> _Information supplied_
---

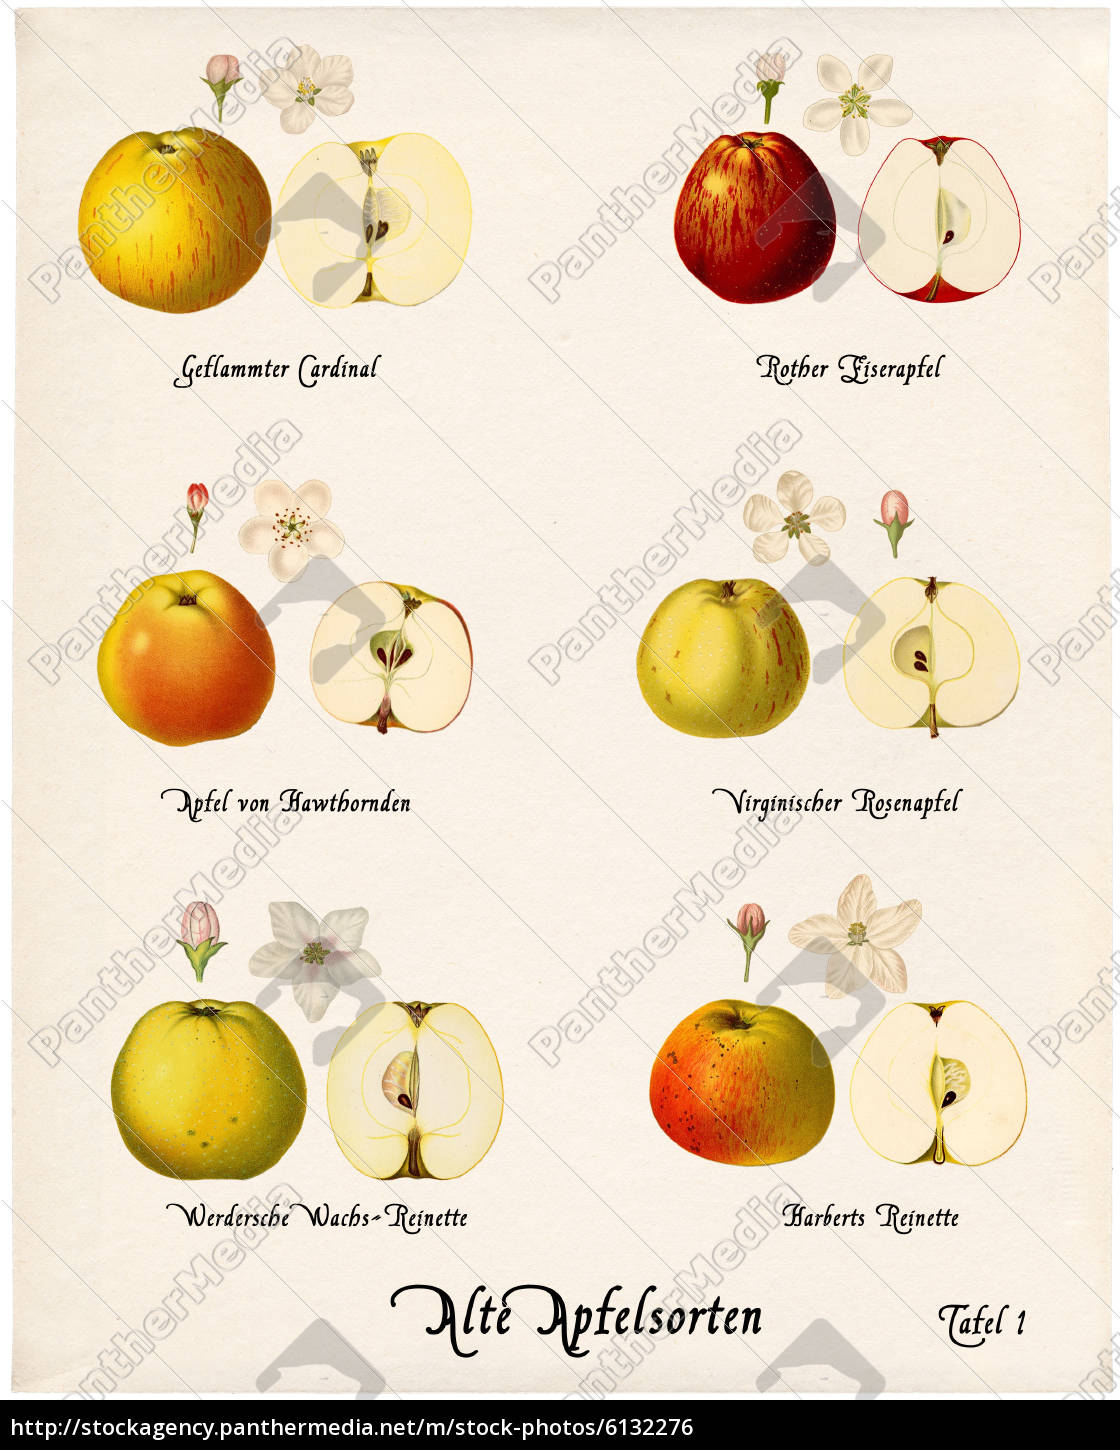 Jakie są odmiany jabłek i jak wyglądają?
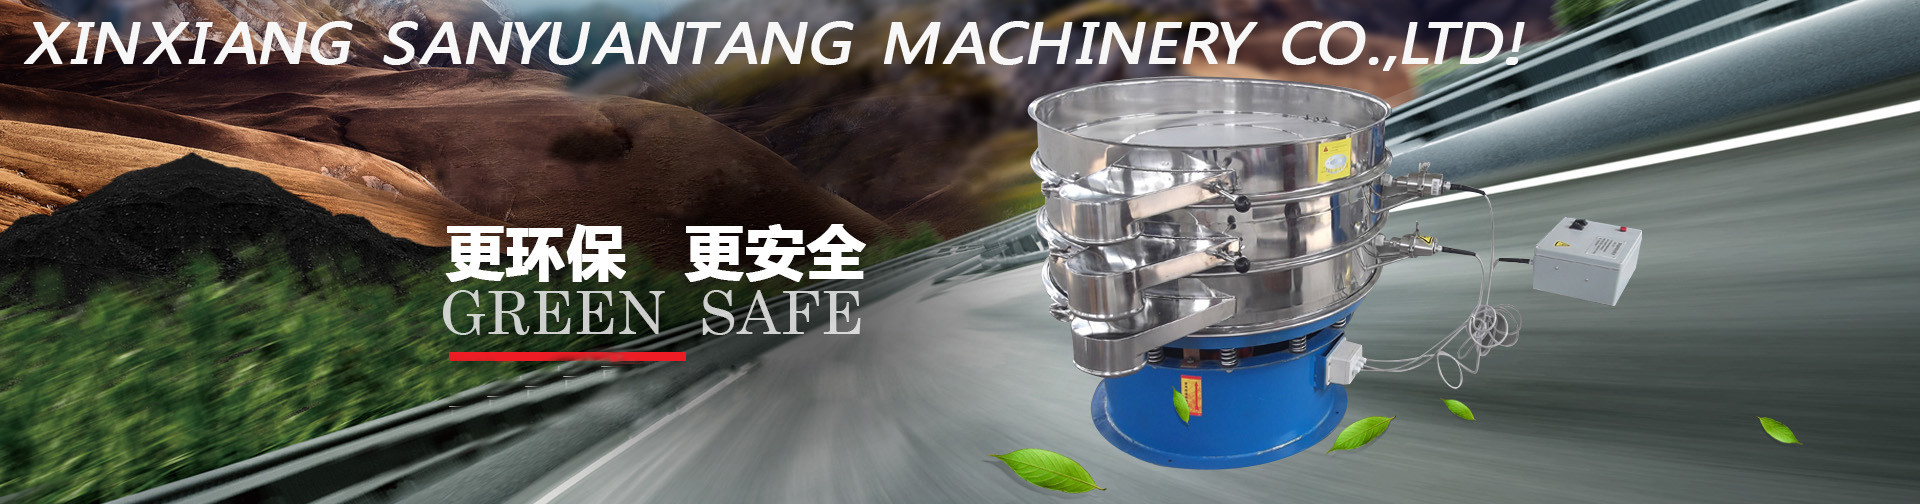 Xinxiang Sanyuantang Machinery Co.,Ltd
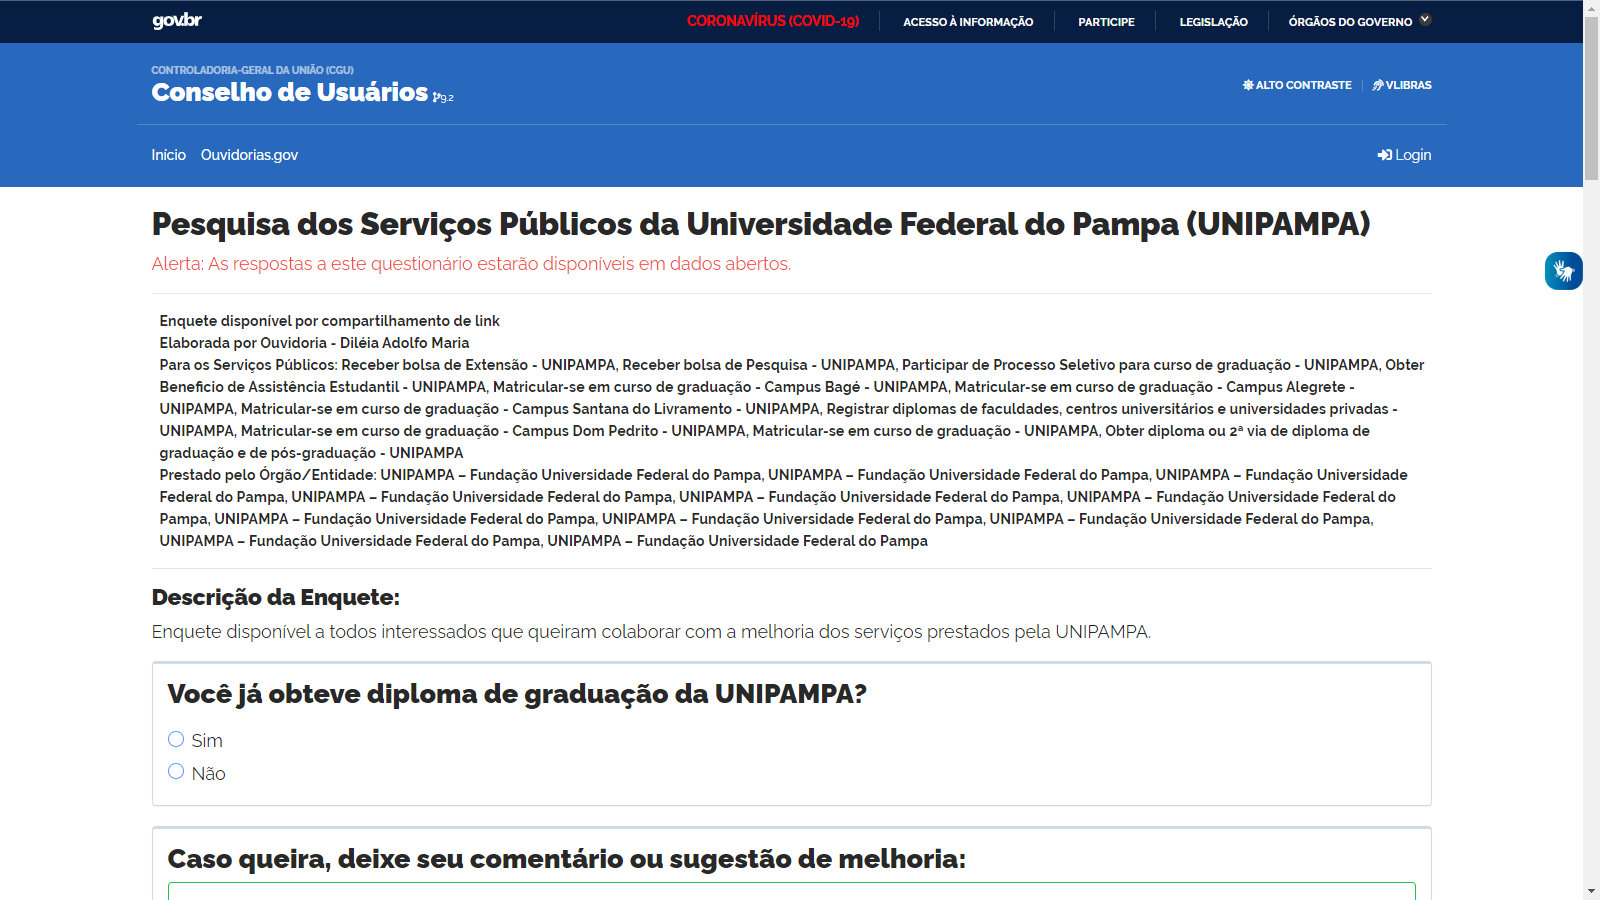 Print de tela do computador de pesquisa sobre serviços públicos prestados na Unipampa
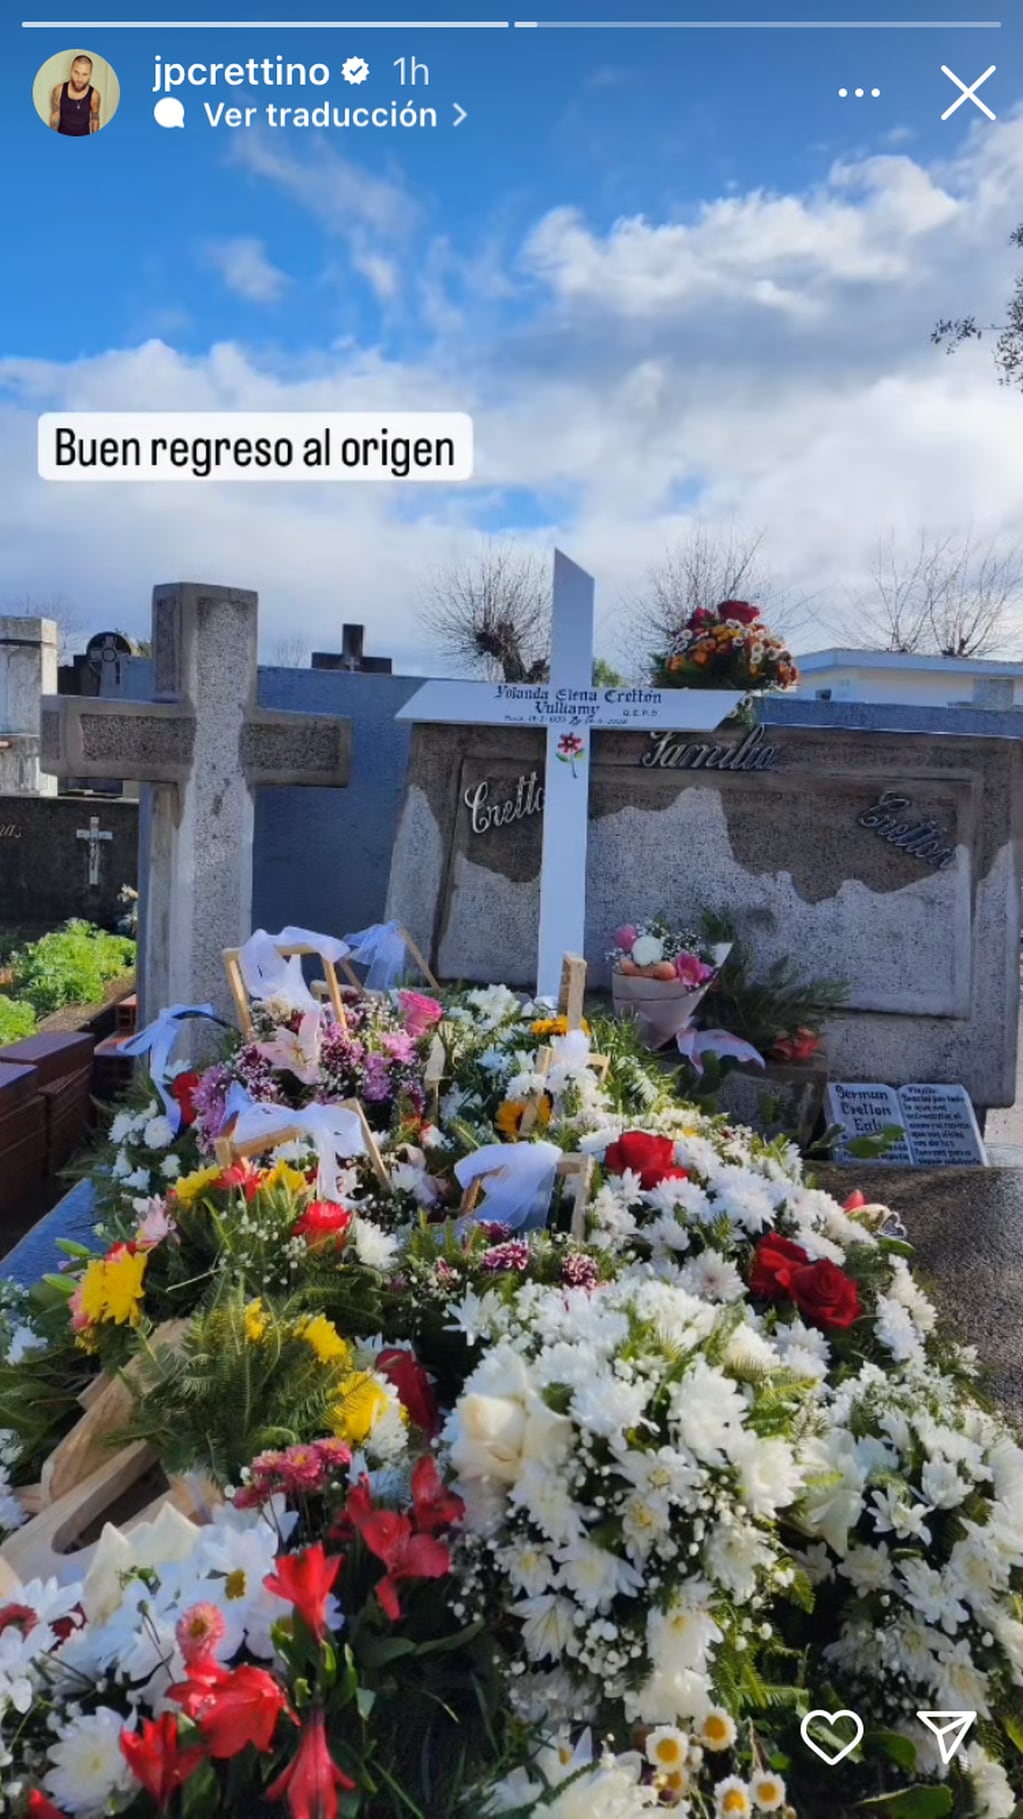 Jean Philippe Cretton compartió unos íntimos registros del funeral de su abuela.

---

> _Your instructions_
Return the lines above exactly; the images are not part of the copy.

> _Final answer_
 Jakie są odmiany jabłek i jak wyglądają?
 Xinxiang Sanyuantang Machinery Co.,Ltd
 Print de tela do computador de pesquisa sobre serviços públicos prestados na Unipampa
 Jean Philippe Cretton compartió unos íntimos registros del funeral de su abuela.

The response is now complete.